Even if Kate is able to put aside her worries about not getting her fair share from her annuity purchase, inflation is another key risk factor. After all, rising prices erode the purchasing power of annuities. Annuity buyers can add inflation protection, but again the cost reduces the benefits accordingly. If Kate adds a 4% annual cost-of-living adjustment to her contract, her severance benefit would be reduced to $2,900 in starting income at age 85, down from $3,500 initially without the inflation (for Kate’s lifetime only).

Interest rate risk is also present. The insurance company determines annuity payments based on its expectation of what it will be able to earn from annuity purchasers’ funds. Although annuity payments have increased slightly over the past year to reflect rising interest rates, they are still quite low by historical standards. If Kate buys now, there is a risk that she will get a lower payment than if she had waited and rates – and therefore payments – have risen.

Insurance company risk is another factor, especially since deferred annuities will not begin to be paid until a later date. This underscores the importance of researching the financial strength of an insurer before purchasing an annuity. AM Best, Kroll, Moody’s, Standard & Poor’s and Fitch all provide financial strength ratings, although they all use different rating systems.
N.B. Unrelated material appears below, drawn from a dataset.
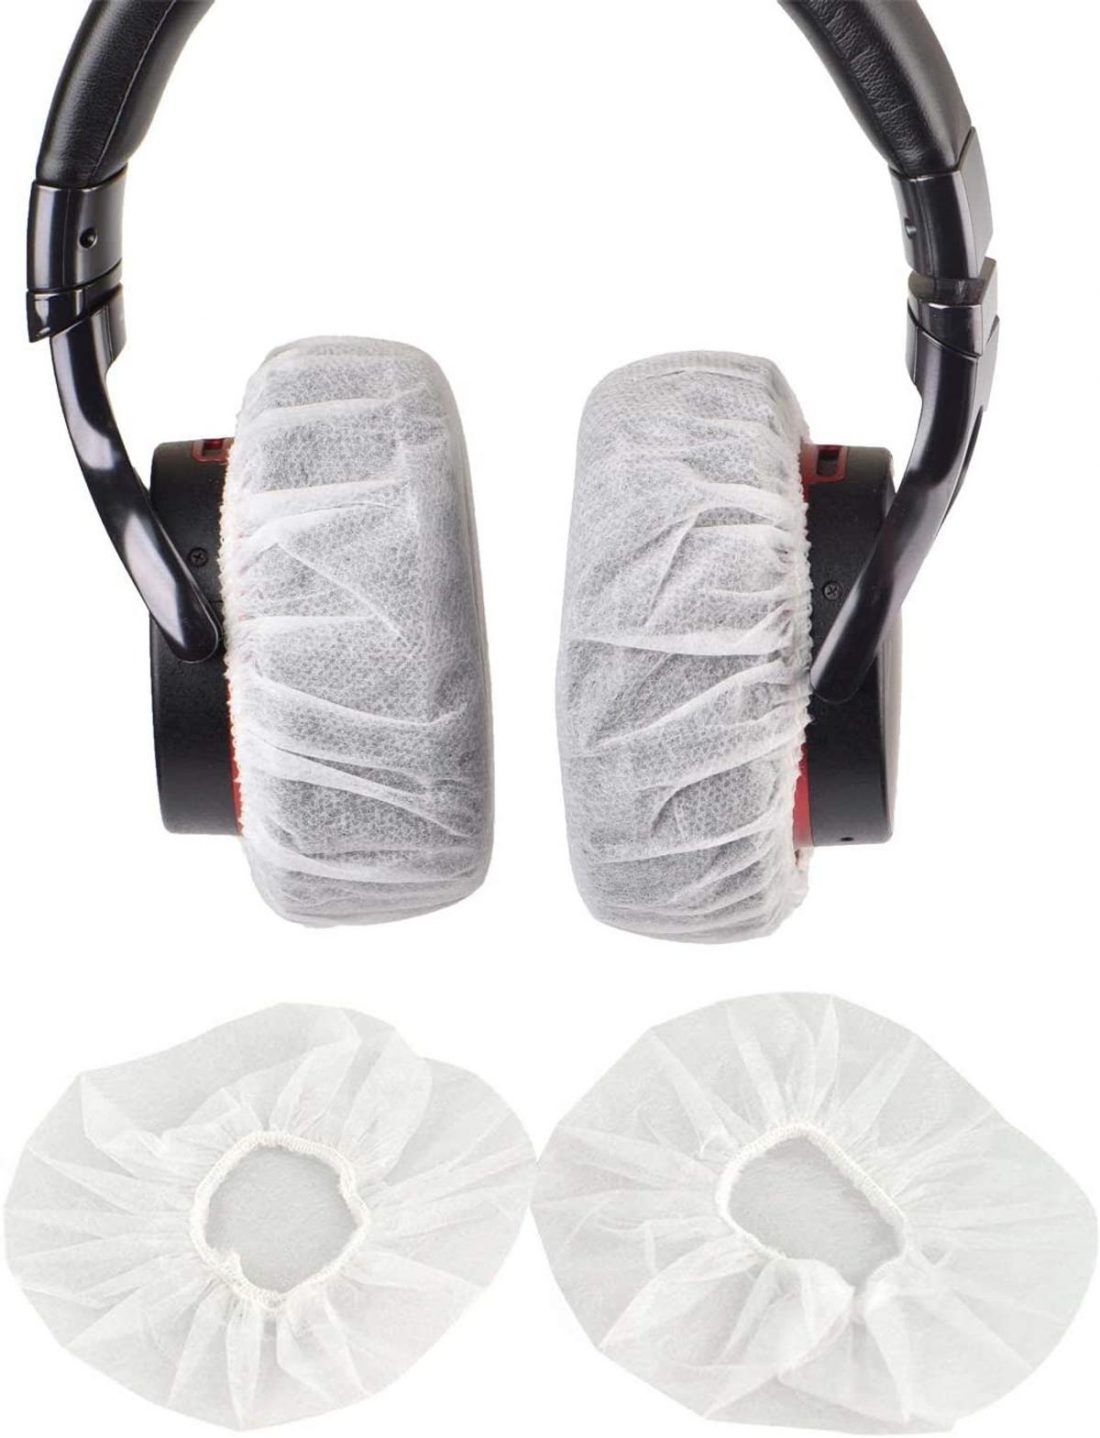 A set of headphone cushion covers (From: Amazon.com)

One option to manage some of these risks, particularly interest rate risk and insurance company risk, is to purchase the annuity over a period of years. This helps ensure annuity purchases in a variety of interest rate environments. It also allows the annuity buyer to purchase from more than one company, thereby mitigating the risk of an insurer facing financial difficulties. On the other hand, a “laddered” annuity portfolio undermines one of the main advantages of an income stream from an annuity: simplicity. In addition, the potential purchaser of a ladder annuity portfolio would likely want to keep these assets fairly liquid, which would reduce the portfolio’s return in the interim.

Take away food

In the end, the attractions of QLACs are mixed. Affluent retirees might appreciate the deferral potential of RMD, but they are less likely to need or appreciate the lifetime income benefit. Meanwhile, less affluent retirees might appreciate the lifetime income aspect of a QLAC, but place less emphasis on the tax features.

Because an annuity purchase is complicated and irrevocable (almost), hiring a paid financial planner for objective advice can be money well spent. Ideally, this adviser would have no vested interest in either part of the decision – the compensation for the purchase itself (i.e. the insurance company staff) or Fees on the remaining portfolio (i.e. advisors charging a percentage of assets).